Howard must have been particularly keen on this Gaelic war story, which he also wrote as Spears of Clontarf. Like most of his dark age fiction neither sold in his lifetime and both display the ferocity of his literary vision. The editor of Marchers of Valhalla chose well this teaser, featuring Howard's most unapologetic common man, no noble, not even a chief, but an escaped Viking slave.
He Wore the Collar of a Slave and the Sword of a King
"That is a noble sword you wear, kern," said Murrogh.
"Aye," said Conn the Thrall, "Murketagh of the Leather Cloaks wielded this blade until Blacair the Dane slew him at Ardee. It passed to Wolfgar Snorri's son, my former master, until I traded it from him—for a length of firewood which I buried in his skull."

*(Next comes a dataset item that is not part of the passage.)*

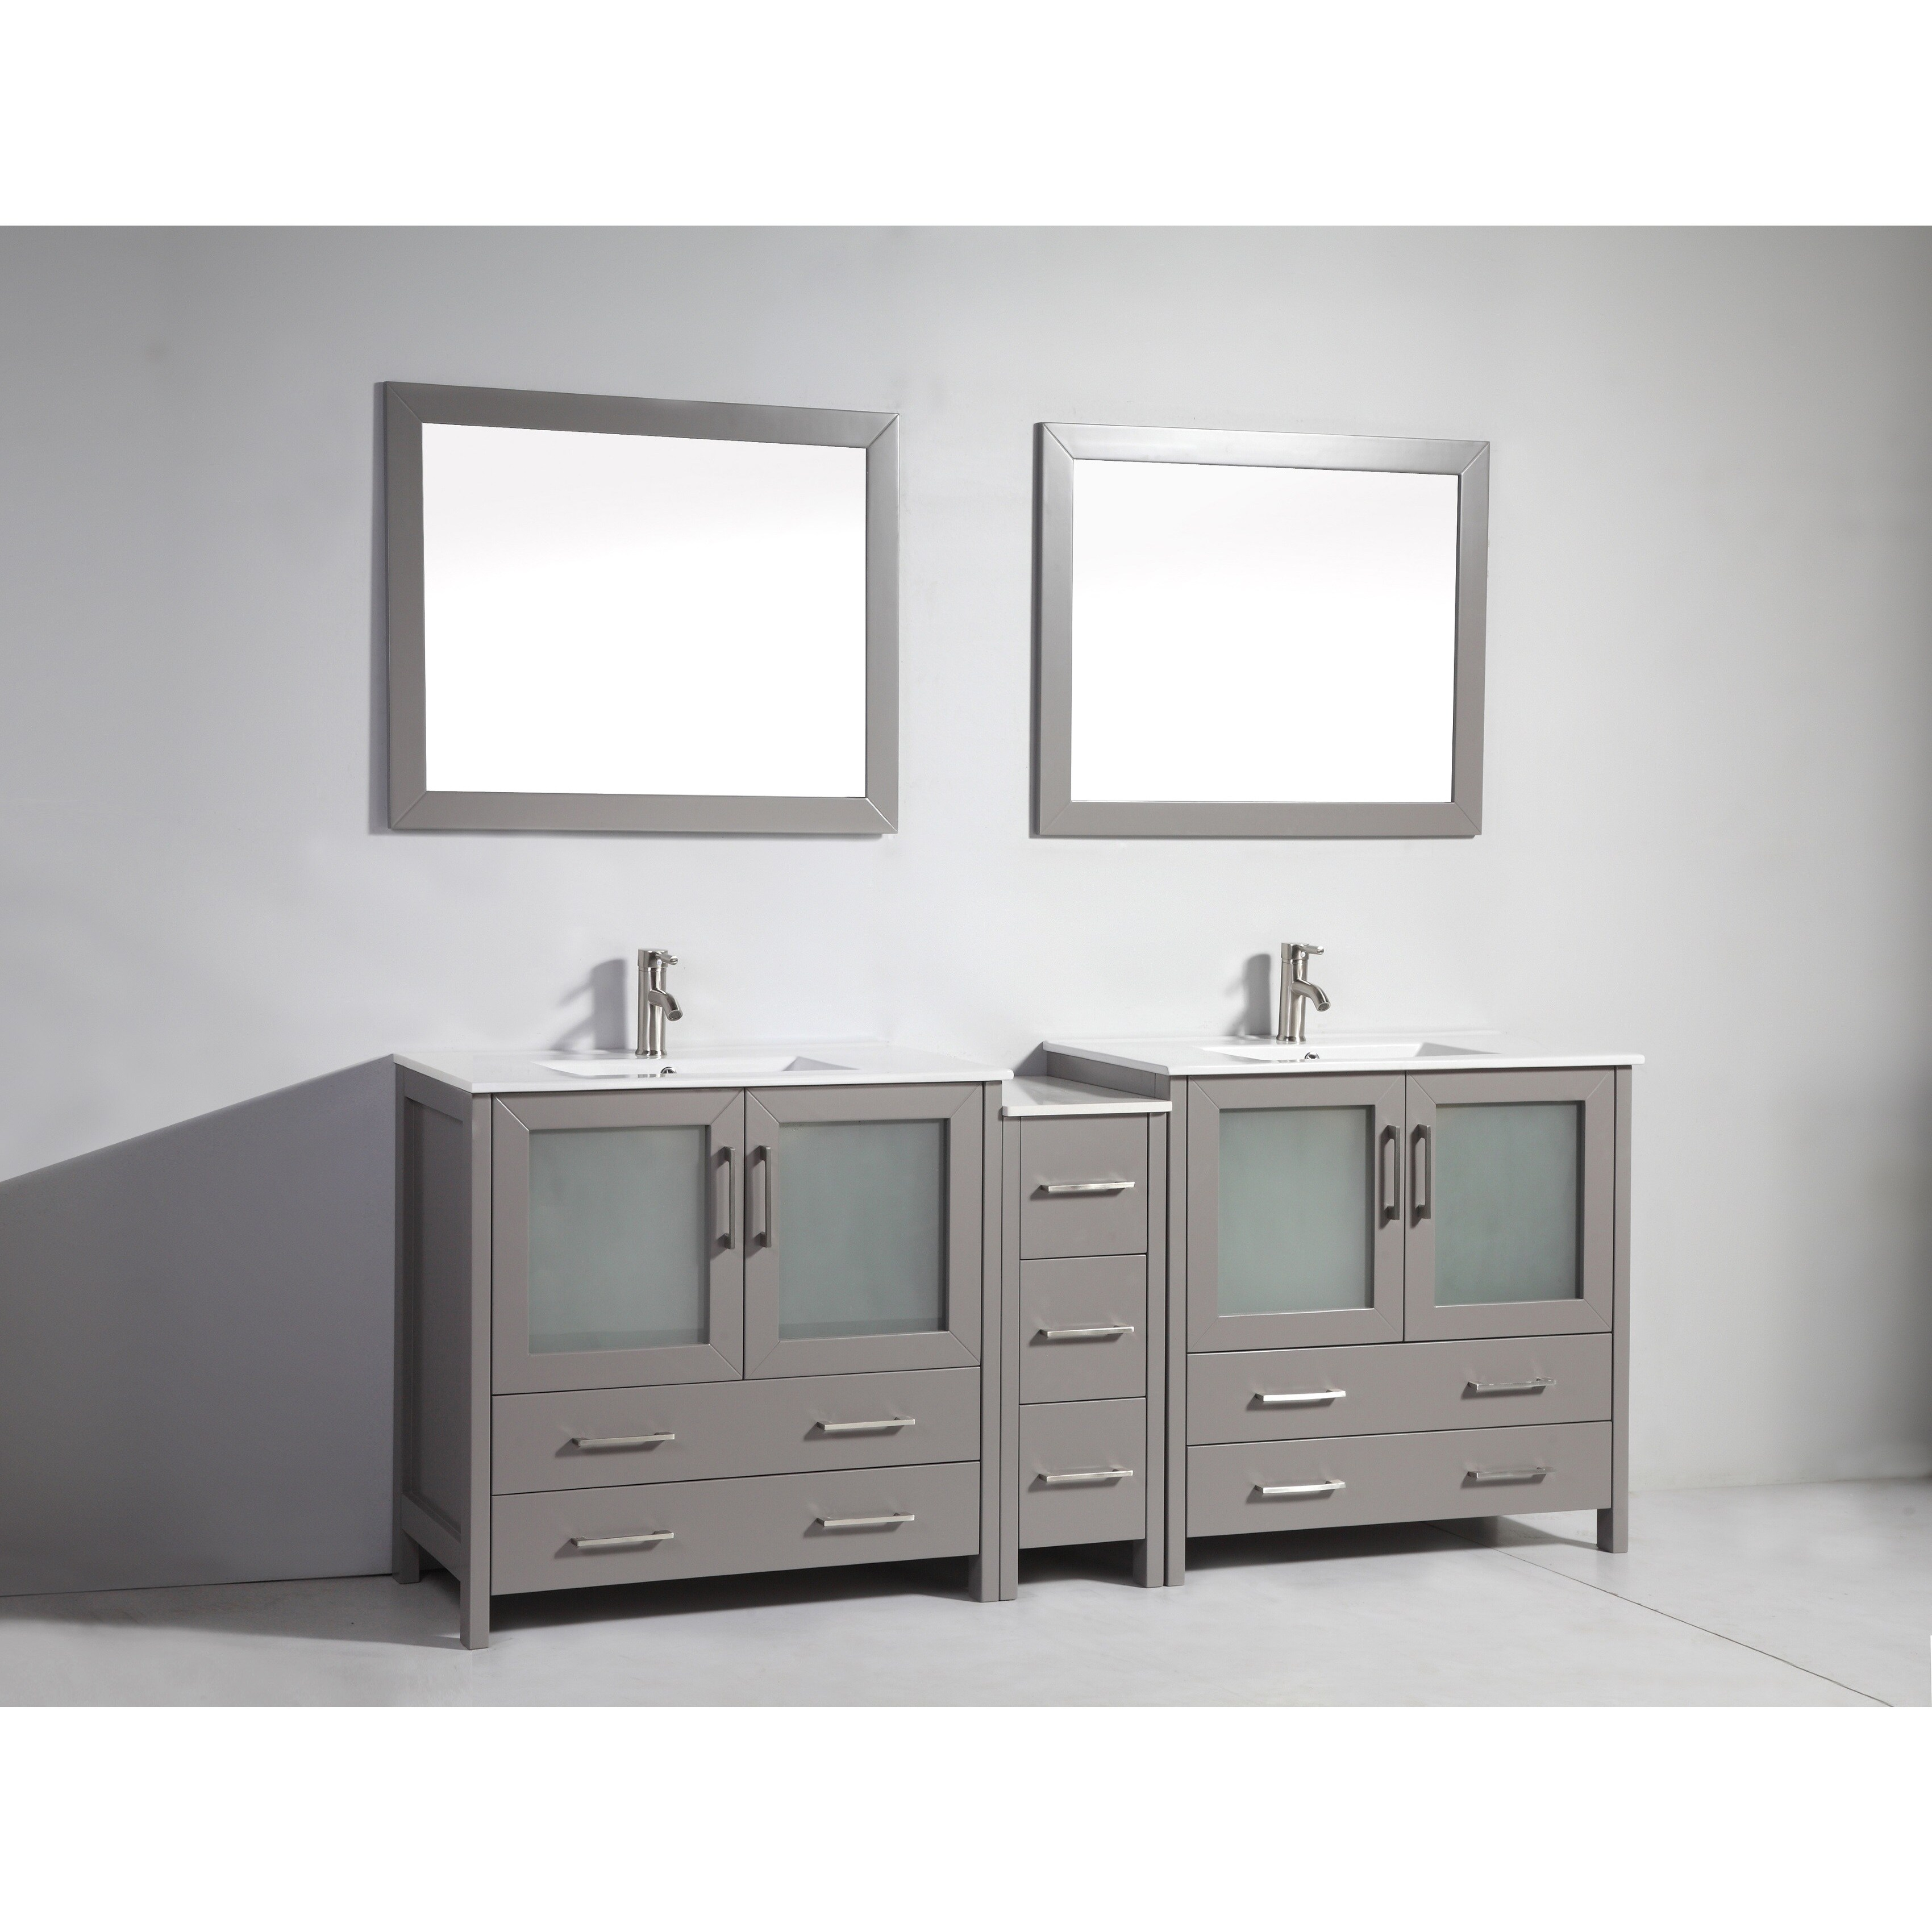 Vanity-Art-84-inch-Double-sink-Bathroom-Vanity-

"It is not fitting that a kern should wear the sword of a king," said Murrogh brusquely, turning to King Brain and the assembled chiefs, "Let one of the chiefs take it and give him an ax instead.'
Conn's fingers locked around the hilt. "He that would take the sword from me had best give me the ax first," he said grimly. "And that suddenly."
The Grey God Passes will be reviewed in full for this volume. Howard wrote his common man stories with more passion than the stories featuring kings, and generally had less luck with the sale then he did with a king's tale. This was also true of the Conan tales, with all of the kingship stories sold but a number of his soldier of fortune tales unsold or unfinished.